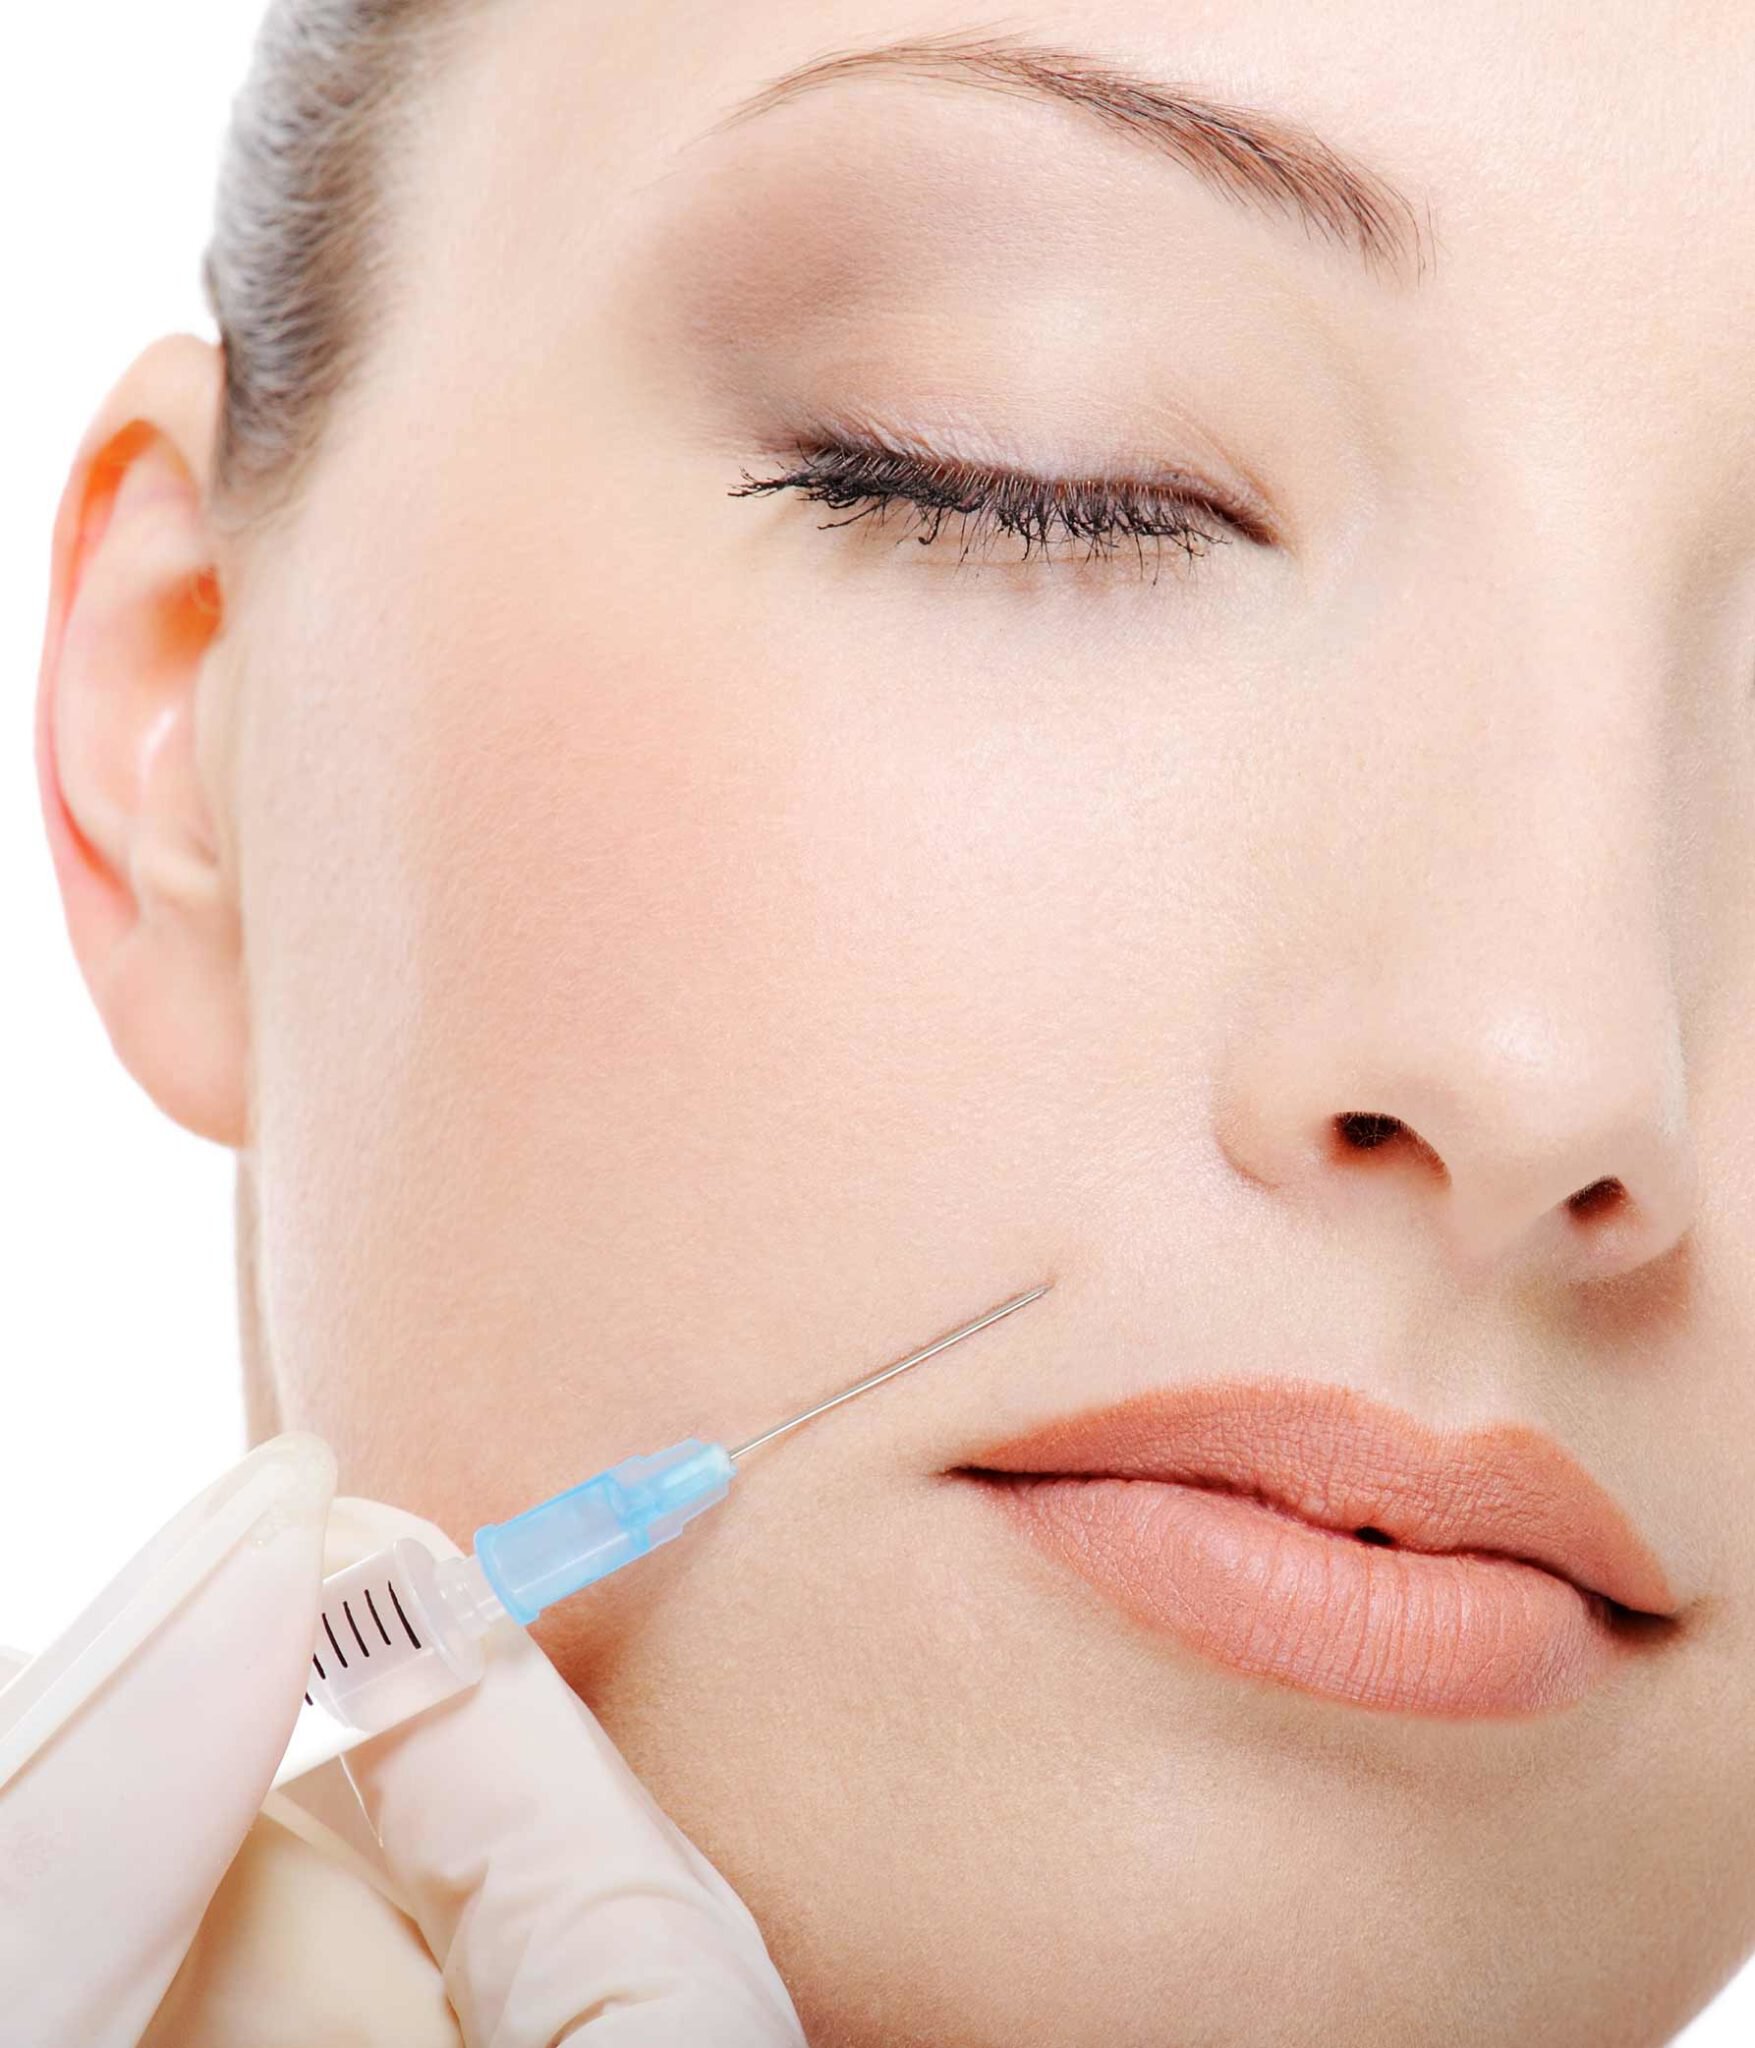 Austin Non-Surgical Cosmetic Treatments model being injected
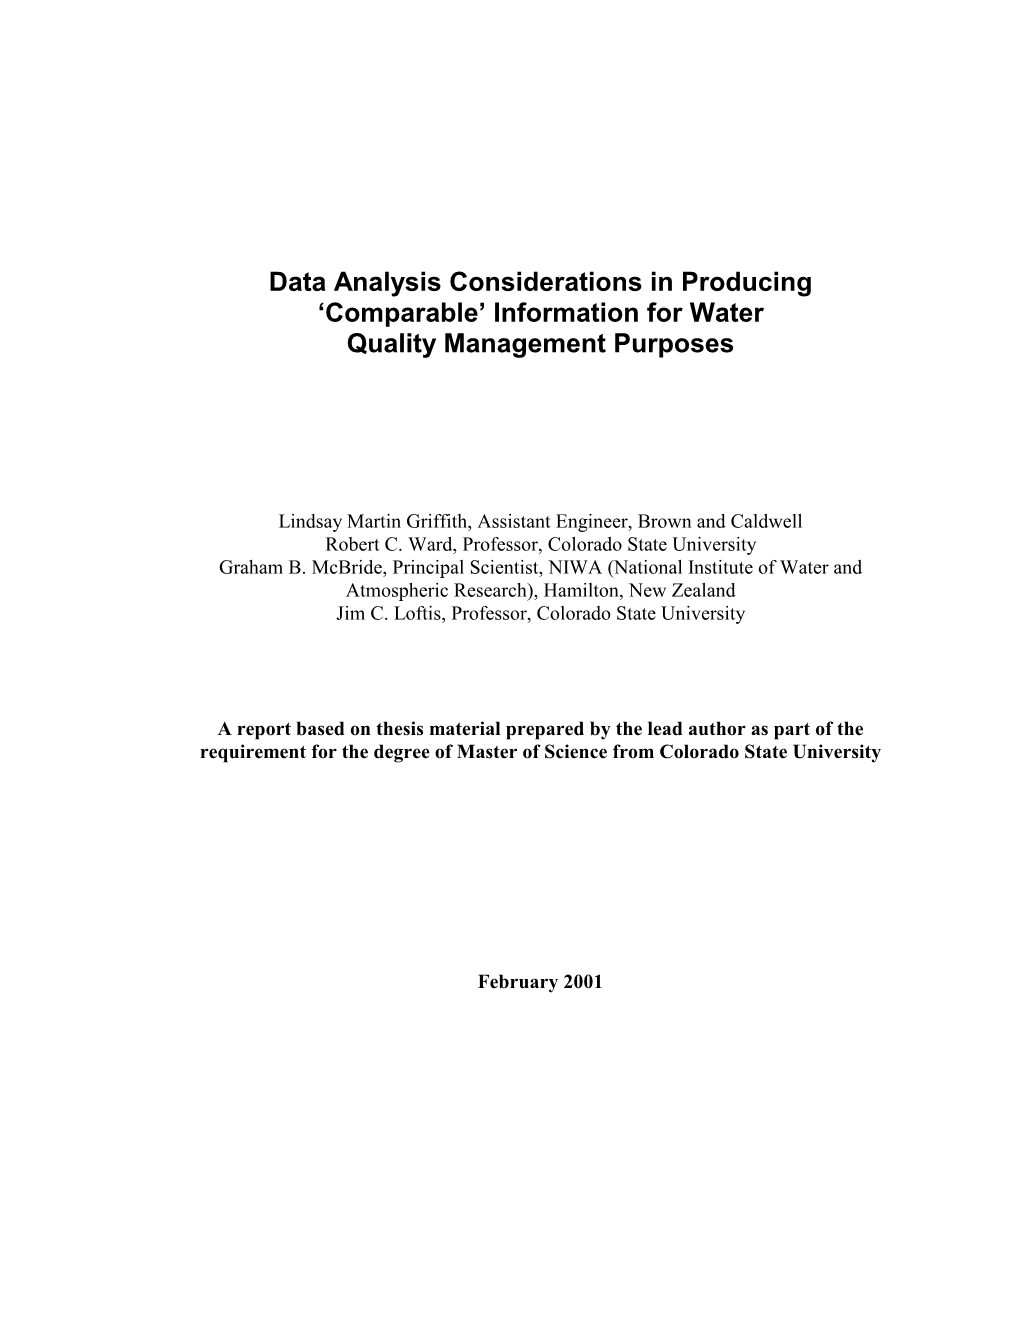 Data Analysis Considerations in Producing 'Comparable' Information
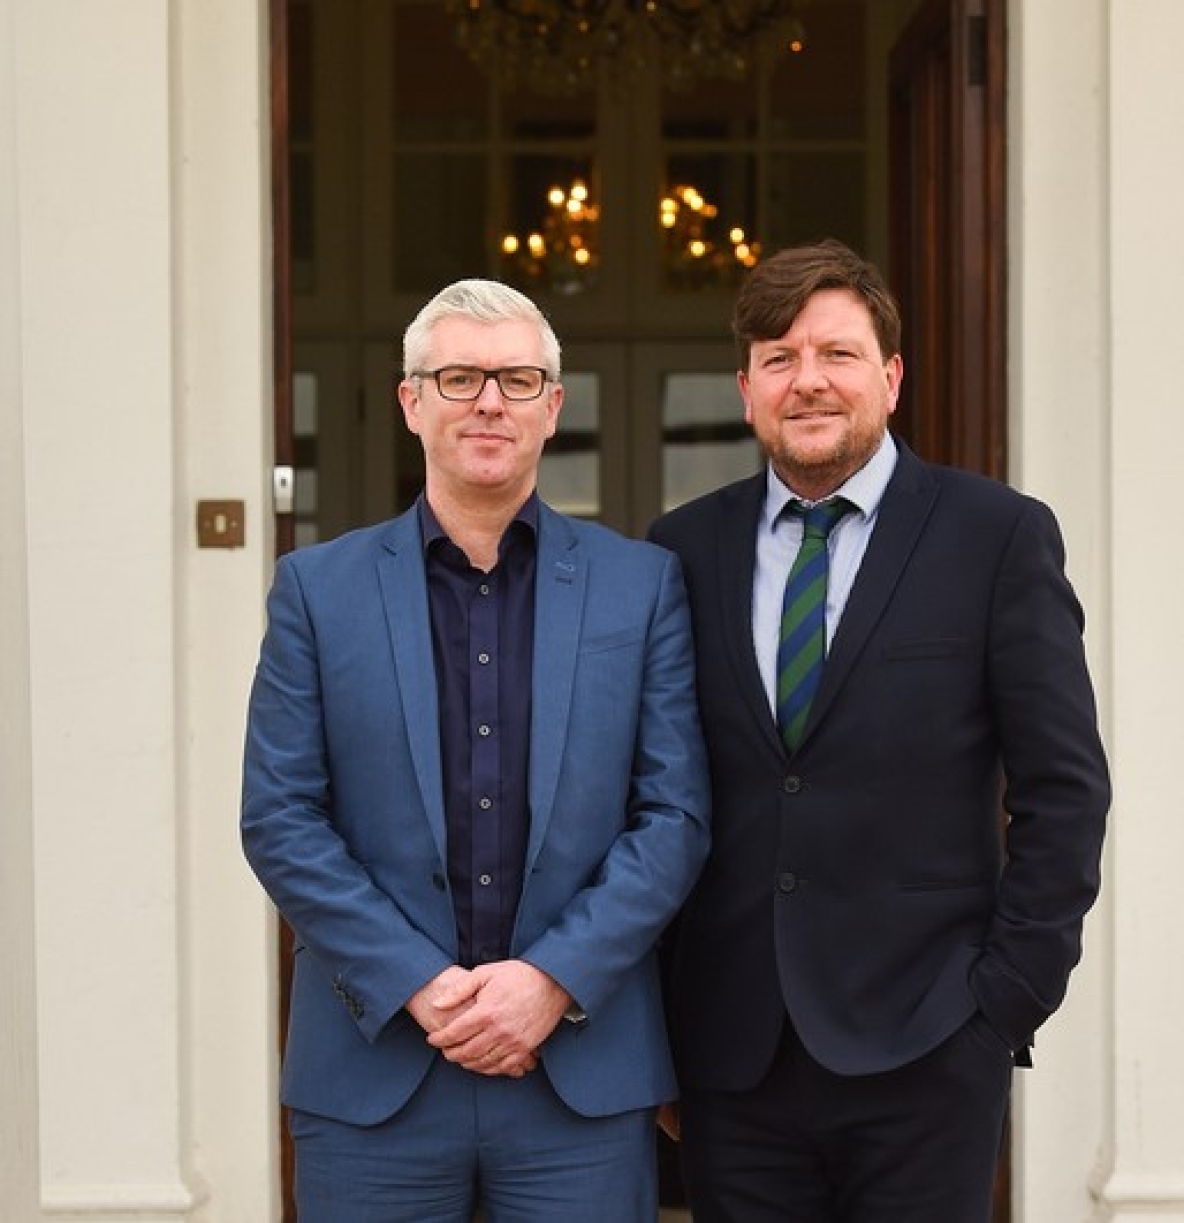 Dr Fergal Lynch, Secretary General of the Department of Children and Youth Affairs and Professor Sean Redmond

What to do: Please provide a faithful transcription of all the data, pictures excluded.

Reply:
 Austin Non-Surgical Cosmetic Treatments model being injected
 Data Analysis Considerations in Producing 'Comparable' Information
 Dr Fergal Lynch, Secretary General of the Department of Children and Youth Affairs and Professor Sean Redmond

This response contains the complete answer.